Вздохнув и крепко сжав кулаки и веки, я подумала о том, что занимаюсь дуростью. Я преодолевала горные тропы и дикие заросли лишь из-за слов какого-то незнакомца, в котором узрела первого понимающего меня человека. Только из-за каких-то глупых легенд, которые не всегда оказываются правдивыми — и не всегда оказываются неправдой.
Открыв глаза, я шагнула на каменную ступеньку. Будь что будет.
На вершине горы не было ничего. Не было там ни следов древних построек, ни протоптанных троп, не росло там ничего, кроме жухлой травы. Так пустынно, как и полагается пристанищу призраков.
Я неторопливо прошлась по неровной земле и замерла у самого края обрыва. Когда я посмотрела вдаль, — на недосягаемый горизонт, на возвышавшиеся там горы — то забыла обо всем, что меня сюда привело. Все, чего мне хотелось — растянуть на вечность миг безграничной свободы ветра и немыслимой высоты, которая пугала настолько же, насколько манила прыгнуть. И я широко раскинула руки, вбирая это все в себя.

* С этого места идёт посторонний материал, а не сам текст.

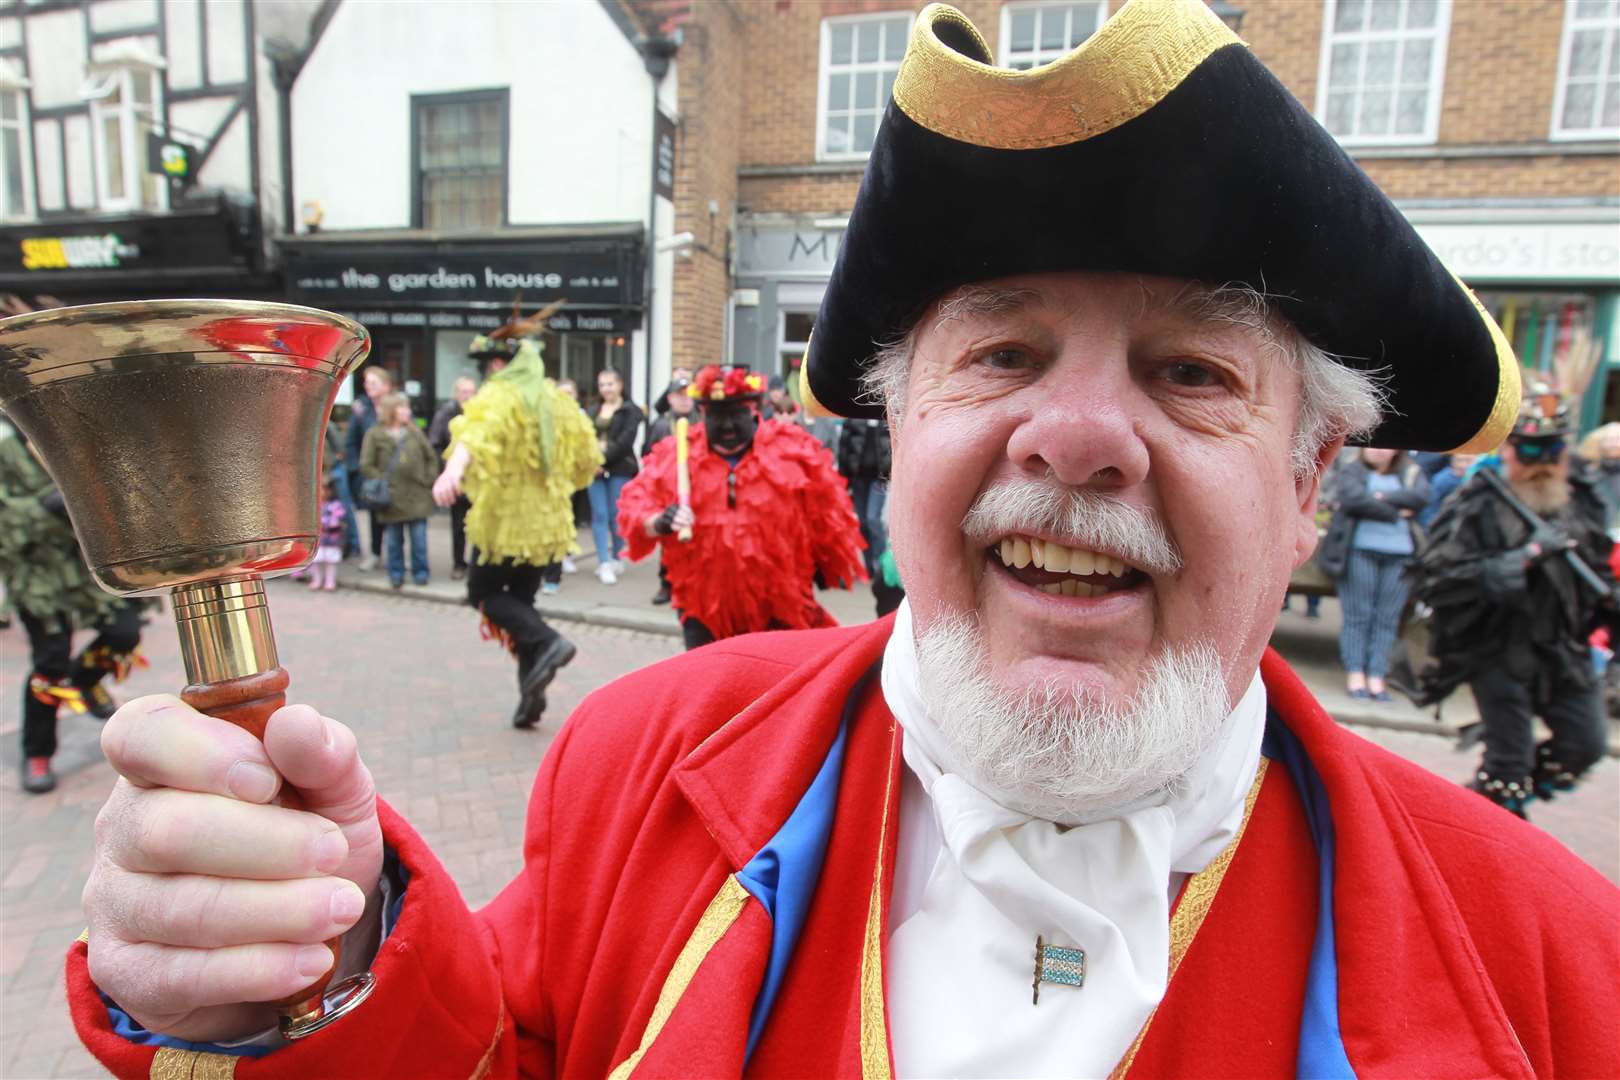 Mike Billingham, Town Crier from Gillingham, led the Sweeps procession in 2019. Picture: John Westhrop

Впрочем, когда я не удержала равновесие, оступилась и по-настоящему полетела вниз, мне расхотелось прыгать. Но было поздно.
Высоты можно не бояться, но падать с нее страшно всегда. Но и испугаться я не успела, не успела почувствовать боль, не успела попросить прощения у родителей за свою дурость, — или просто не помню, успела ли, — как наступила темнота. После этой темноты свет все-таки наступил, и загробным он был лишь наполовину. Жаль, что не целиком.
Ведь умирать проще тогда, когда ничего не знаешь о смерти. Неизведанности, как и высоты, можно бояться, можно перед ней трепетать, можно верить, что плохого она не несет — и ничто не будет ошибочным, раз уж не знаешь правды. А когда ее знаешь — тогда и знаешь, чего действительно стоит бояться и во что верить тщетно.
Меня пробудил озноб. Или то, что кто-то неустанно хлестал меня по щекам и никак не мог остановиться. Что настигло меня раньше, — озноб или боль — было и не сказать.
— Эй, ты в порядке? Как ты тут оказалась?
Поскольку мои распахнувшиеся глаза не убедили этого парня прекратить, я сама ударила его руку и отстранилась.
— Была бы в порядке, если бы ты меня не трогал. Упала с горы. Я мертва? Это тот свет? — пытаясь сохранить спокойствие при овладевшей мной панике, я спешно начала озираться.
И обнаружила, что лежала в снегу. Снег был повсюду; здесь царила зима. А ведь когда я падала, было лето. Но вряд ли я умудрилась проваляться полгода, к тому же после таких падений обычно не выживают.
Обычно.
Неподалеку стояло невысокое здание, распростертое вширь, и были проложены рельсы, уходившие в горизонт.
Похоже, спокойствие сохранить не удалось, раз взгляд нового знакомого сделался таким сочувственным — таким же, каким он смотрит на меня сейчас.
— Ты не мертва, но это действительно «тот свет».
Я скептически на него воззрилась и выгнула бровь. Безумцем в данной ситуации был кто-то один — либо я, раз уж мне такое мерещилось, либо он, раз нес подобную чушь. Ну или мы вместе лежали в психушке.
Лет ему было не больше двадцати пяти. Короткие каштановые волосы и серо-зеленые глаза, которые всегда будут смотреть на меня именно так — снисходительно.
— Все пути в небеса, которые строили в древности для мертвых, больше подходят для живых, — пояснил он, и я вынырнула из ступора. — Ну, скоро сама все узнаешь.
Он галантно протянул ладонь, но я не приняла помощь и поднялась сама, постепенно свыкаясь с холодом.
— Меня зовут Дэро́ш, — хмыкнул он, убирая руку.
— Хлоя.
День знакомства с Адраганом можно считать днем моего рождения, знакомство с Дэрошем символизировало мой конец, а Эрхарт был между ними связующим звеном, о котором я пока не подозревала.